Parameter Pengamatan a) Penghitungan Kepadatan Spirulina sp. Penghitungan kepadatan sel Spirulina sp. dilakukan dengan menggunakan spektrofotometer UV-VIS pada panjang gelombang 680 nm setelah 24 jam penebaran awal, hingga mencapai fase pertumbuhan stasioner. Pengukuran OD dilakukan pada panjang gelombang 680 nm, karena pada panjang gelombang tersebut mampu diserap oleh klorofil a. Dasar pemakaian spektrofotometer ini adalah untuk mengukur kerapatan optik dari suatu zat yang berwarna (Borowitzka dan Lesley 1988). Tujuan dari pengukuran rapat optis kultur adalah untuk menentukan kepadatan sel pada fase eksponensial yang berkaitan dengan penentuan waktu inokulasi Spirulina sp. pada media perlakuan dan penentuan waktu pemanenan. Selanjutnya dibuat grafik pertumbuhan Spirulina sp.untuk mengetahui kepadatan sel pada tiap fase tumbuhnya. b)

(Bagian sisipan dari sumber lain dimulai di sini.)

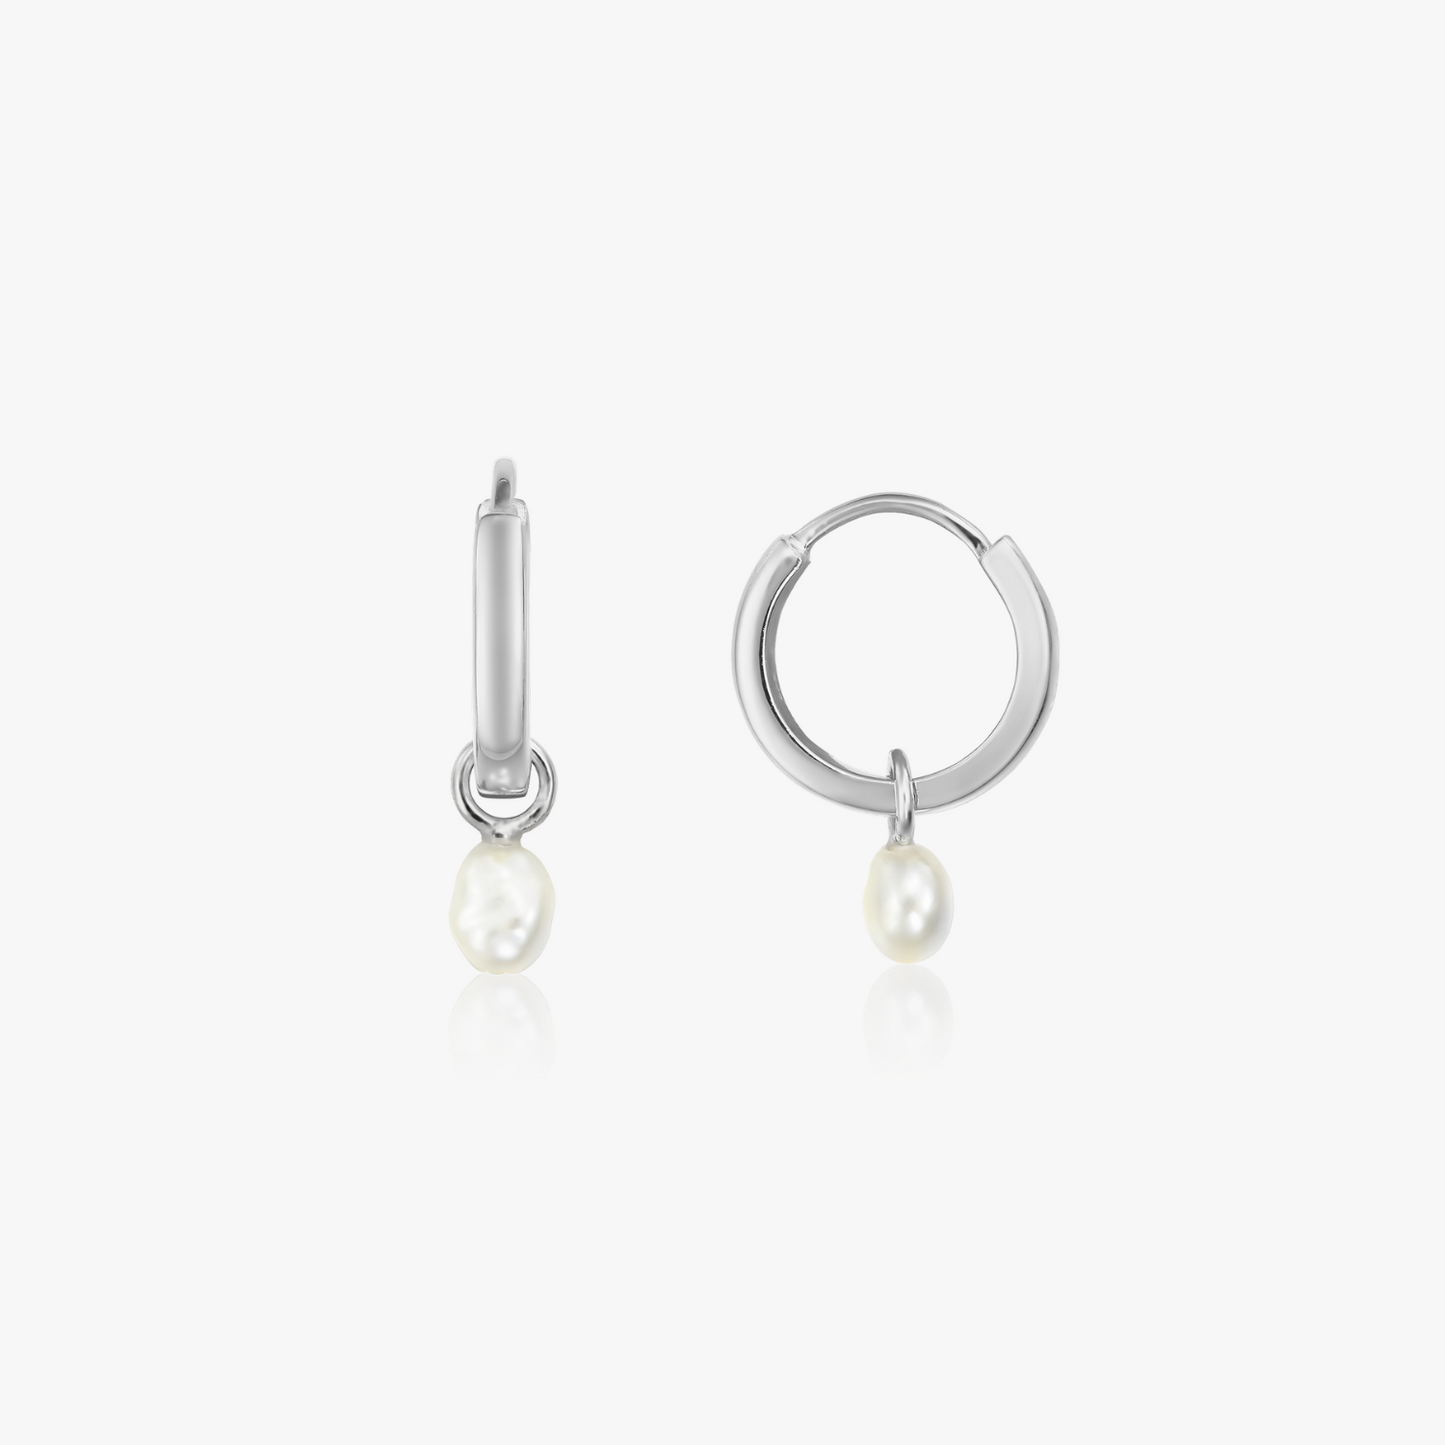 Little Drop Silver Earrings - Natural Pearls

Analisa Kadar Protein Penentuan kadar protein dilakukan dengan metode Kjeldahl menurut AOAC (1995). Sampel sebanyak 0,5 g dimasukkan kedalam labu Kjeldahl, kemudian ditambahkan tablet Kjeldhal sebanyak ¼ bagian kemudian ditambahkan 10 ml H2SO4 pekat. Panaskan labu tersebut di atas pemanas Kjeldahl dalam almari asam. Pemanasan baru dihentikan jika sudah tidak berasap dan warna larutan menjadi hijau (membutuhkan waktu ± 1,5 jam). Biarkan beberapa saat sampai labu menjadi dingin. Masukkan 50 ml aquades kedalam labu destilasi yang telah diisi dengan batu didih (pecahan kaca). Tuangkan larutan yang ada dalam labu Kjeldhal ke dalam labu destilasi. Labu Kjeldhal dibilas denga 50 ml aquades sedikit demi sedikit. Tambahkan 30 ml larutan NAOH 40% sedikit demi sedikit lalu tutup dengan sumbat karet dan goyang-goyang secara pelan (usahakan tidak ada uap yang keluar dari labu destilasi). Siapkan Erlenmeyer yang telah diisi dengan 25 ml larutan H2SO4 0,1 N dan 3 tetes indikator metal merah. Kemudian labu destilasi dirangkai denga pendingin Liebiegh menggunakan pipa bengkok. Uap NH3 yang keluar dtampung dalam Erlenmeyer yang berisi larutan H2SO4 dan indikator tersebut. Alirkan air melalui pendingin Liebiegh dan nyalakan api Bunsen. Proses destilasi dihentikan jika larutan dalam labu destilasi tinggal 1/3 bagian. Hasil
destilasi yang ditampung dalam Erlenmeyer dititrasi menggunakan NaOH 0,1 N sampai terjadi perubahan warna dari merah muda menjadi jingga. Kadar protein (%) = (A – B) x N NaOH x 14,007 x 6,25 x 100% Mg sampel A : volume NaOH untuk titrasi sampel B : volume NaOH untuk titrasi larutan blanko N NaOH : normalitas HCl (0,1 N)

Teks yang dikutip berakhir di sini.